REQUIRED WORK » Reproduce, exactly and only, the lines of the data that follows from the one containing "Handcrafted Amigurumi Christmas" down to the one containing "star crochet- Silver", without pictures.

PROVIDED MATERIAL »
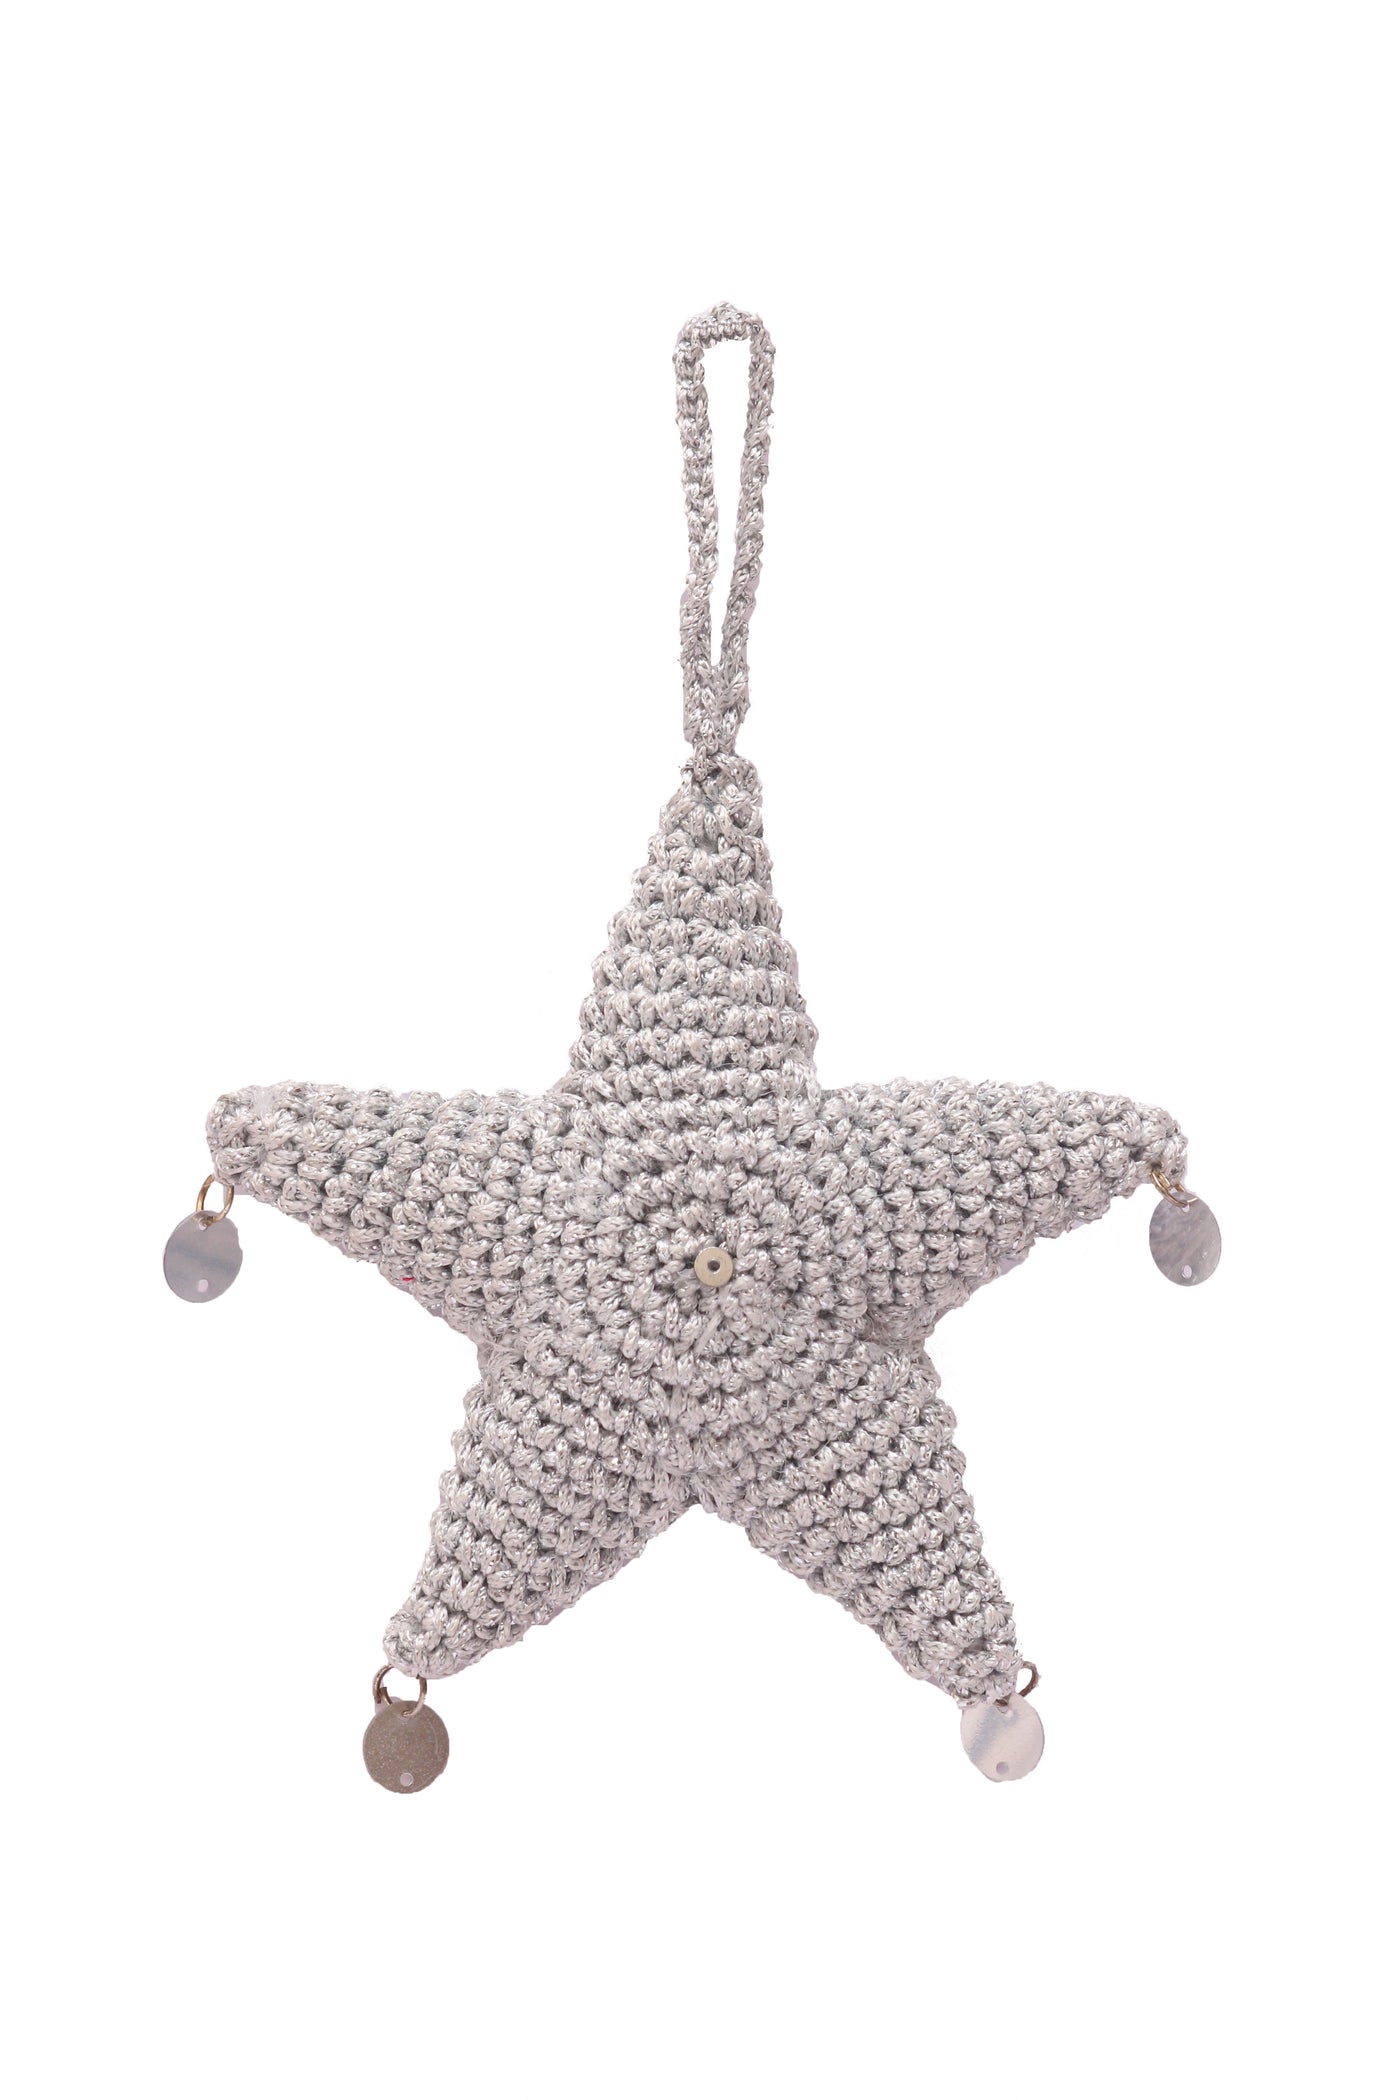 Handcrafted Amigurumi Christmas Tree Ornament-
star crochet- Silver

==

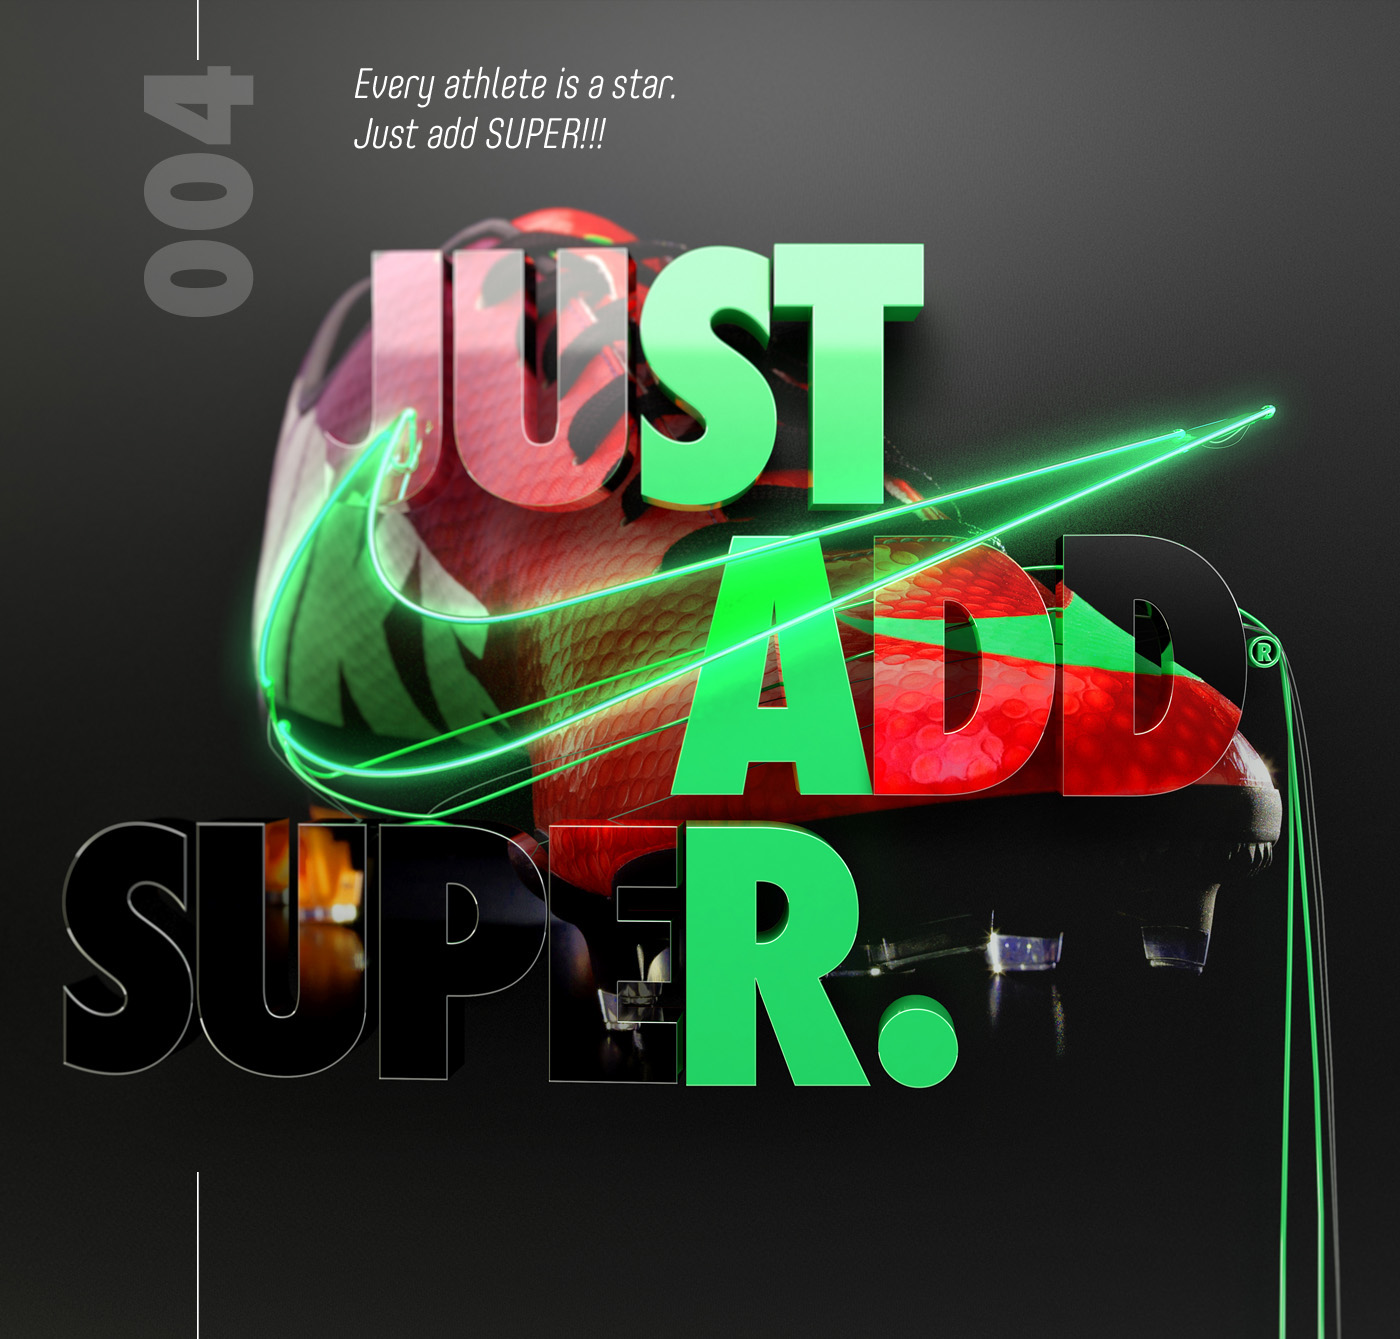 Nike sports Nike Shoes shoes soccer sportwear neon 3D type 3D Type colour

ANSWER TO THE EXERCISE »
 Handcrafted Amigurumi Christmas Tree Ornament-
star crochet- Silver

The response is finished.